Yothr CRP.211.1a

Imperator Caesar Lucius Aelius Aurelius Commodus Augustus
Reign: Marcus Aurelius
Mint: Cyrrhus Cyrrhestica, Syria
Date: 177/180 AD
Nominal: Bronze
Material: AE
Diameter: 22mm
Weight: 10.36g

Reference: RPC IV.3 9042 (#5 this coin)
RPC Online: https://rpc.ashmus.ox.ac.uk/coins/4/9042
Rare: Specimens 5 (4 in the core collections)
Provenance: Lucernae Numismatica Alcala, Spain (Auction 11, Lot 83)
Pedigree: –

Obverse: Laureate head of (youthful) Commodus, right
Translation: Autokrator Kaisaros Lucios Aurelios Kommodos
Translation: Imperator Caesar Lucius Aurelius Commodus

Reverse: Zeus Kataibates seated on rock, left, holding thunderbolt and long sceptre
Translation: Dios Katebatou Kyrreston
Translation: God [Zeus] Kataibates, City of Cyrrhus

Comment: Cyrrhus (also Kyrrhos), was an ancient city on the road from Antioch to Zeugma in present-day northern Syria. The ruins lie about 70 kilometres northwest of Aleppo and 28 kilometres north of Azaz near the Turkish border on a rocky hill. The provincial city was founded by Antigonos I Monophthalmos around 300 BC or at the beginning of the 3rd century BC by the Seleucids. In 64 BC, Kyrrhos was captured by the Roman general Gnaeus Pompeius Magnus, and the place served as a military base in the fighting between the Romans and the Parthians. In the Roman imperial period, the auxiliary unit Cohors II Cyrrhestarum was recruited from the city of Cyrrhus and its surroundings. A prominent resident was Avidius Cassius, who was born in Cyrrhus. He had himself proclaimed counter-emperor in 175 AD when news was falsely circulated that Marcus Aurelius had died.

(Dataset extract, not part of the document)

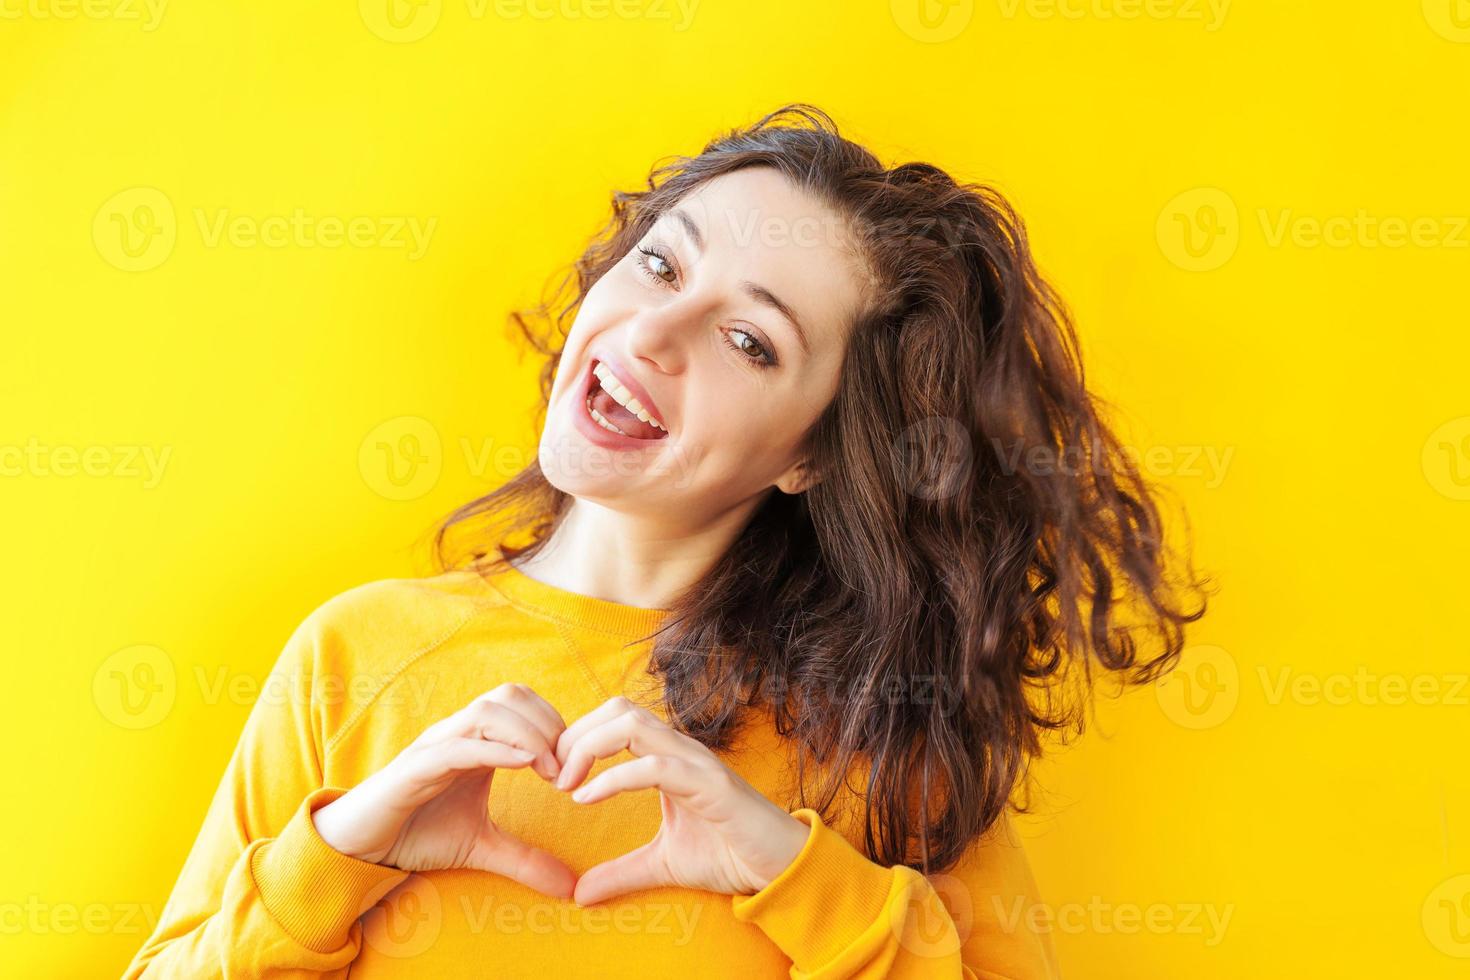 kärlek, hjärta form, fred. skönhet porträtt ung Lycklig positiv kvinna som visar hjärta tecken med händer på gul bakgrund isolerat. europeisk flicka. positiv mänsklig känsla ansiktsbehandling uttryck kropp språk. foto

Kataibates was a common epithet of Zeus, which he received in all the places where lightning had struck. It was believed that Zeus descended there in fire, fenced off these places and considered them very sacred. It was forbidden to enter the place, and often an altar was built there. This local version of Zeus was also worshipped in Cyrrhus. On numerous issued provincial coinages of the city of Cyrrhus, a temple with the statue of Zeus Kataibates is depicted on the reverse. Here, too, a sanctuary in honour of the god must have been built directly over the strike of lightning, of which the city fathers were particularly proud. Unfortunately, nothing remains of the former temple today.